Ante nosotros, un prado helado se extendía hacia más allá del horizonte, el cual estaba delimitado por unas altísimas y robustas montañas que parecían dividir esa tierra en inocencia y agresividad. Había árboles, pero éstos estaban separados por enormes llanuras donde solamente habitaba la nieve más blanca y resplandeciente. El cielo que cubría aquel invernal paisaje tenía el color de las fresas maduras, algo que me hizo sonreír de extrañeza. Parecía tan rojizo como la sangre, pero también tan rosado como las flores más crecidas. Ansié tañerlo para saber si era de terciopelo.

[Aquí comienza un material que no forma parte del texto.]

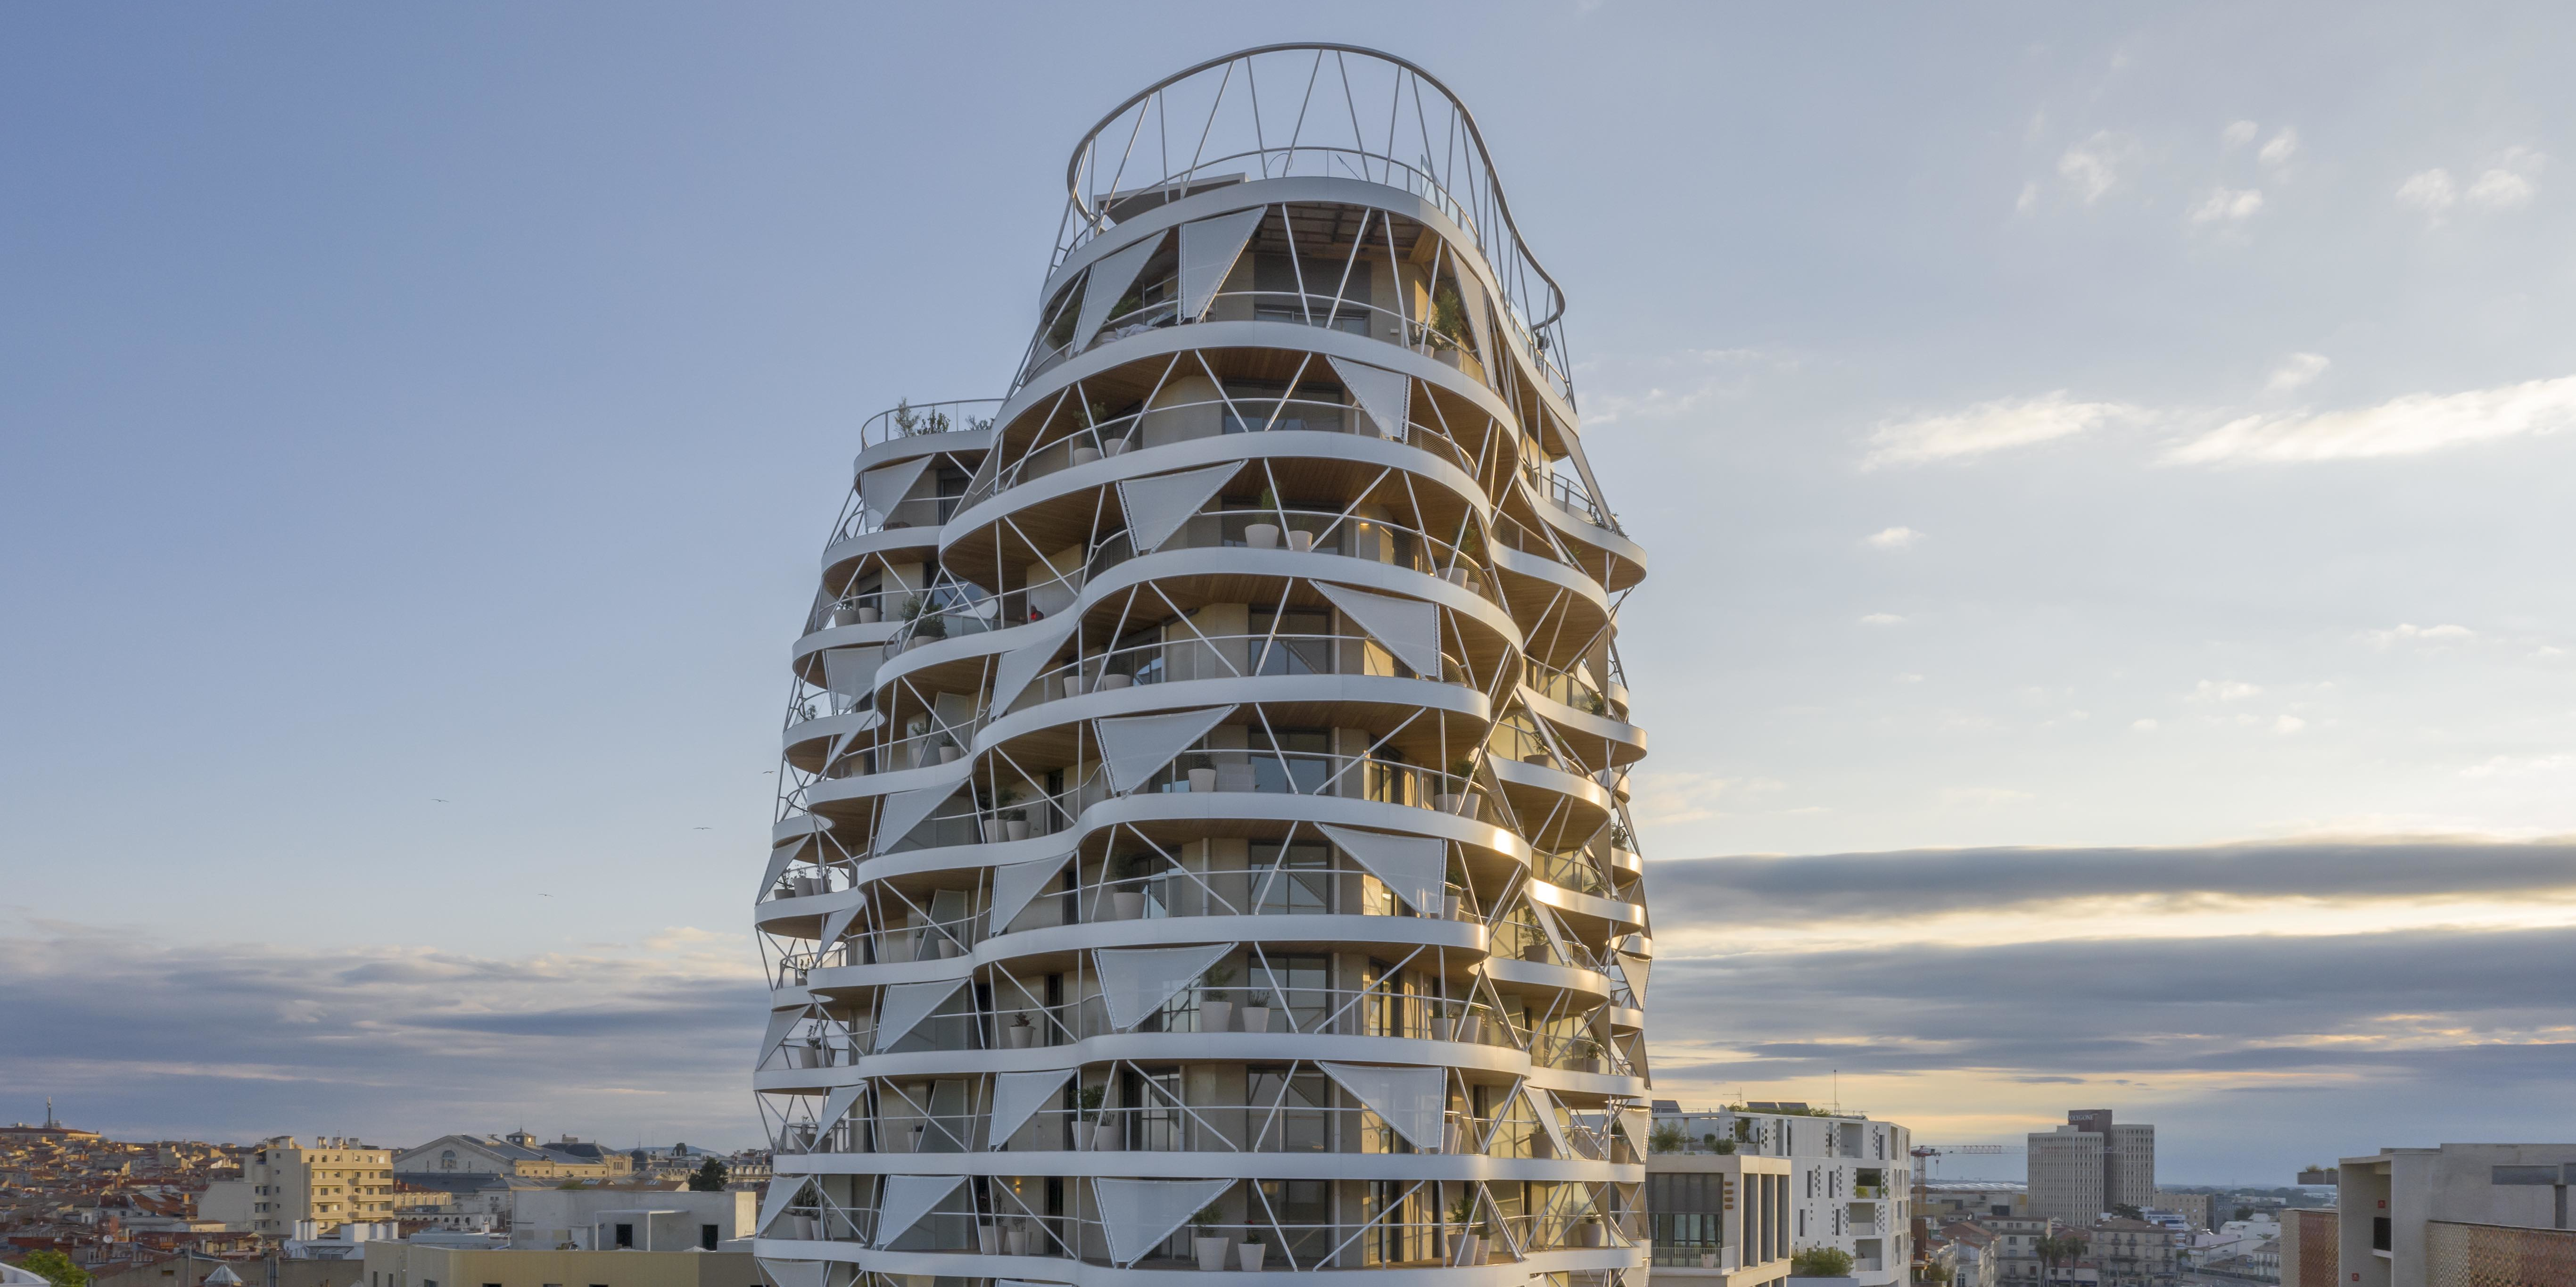 Renouvellement urbain : le totémique Higher Roch (16 étages) est terminé en coeur de ville de Montpellier

Unas esponjosas nubes, las que poseían el color de la nieve que lloraban, se deslizaban muy lentamente por el cielo, con pausa, como si en ese mundo no existiese el tiempo. El contraste que se producía entre el cielo, las nubes y la nieve hacía de aquel paraje un lugar sólo posible en la imaginación más soñadora y sensible. Ansié poder plasmarlo en un lienzo; pero sabía que no existía mejor lienzo donde pudiese ser pintado que mi memoria, allí de donde jamás se borraría.
-          Qué belleza —dije mientras intentaba regresar costosamente a la realidad.
-          ¿Cómo es posible que existan lugares tan bonitos? —preguntó Scarlya.
-          Además, no se oye nada. Parece como si ni siquiera nuestras voces pudiesen sonar aquí —observó Eros—. Creo que nunca he escuchado un silencio tan profundo.
-          Yo sí —le revelé sonriéndole con muchísima añoranza.
-          ¿Dónde? Creo que, si existe el silencio, es porque nace de este lugar...
-          Lo he escuchado en Lacnisha —contesté entornando los ojos—. Y este paisaje se parece tanto a mi amada isla... salvo que allí hay más árboles... y el cielo es liliáceo; pero es tan silencioso y sereno como ella... tan acogedor como...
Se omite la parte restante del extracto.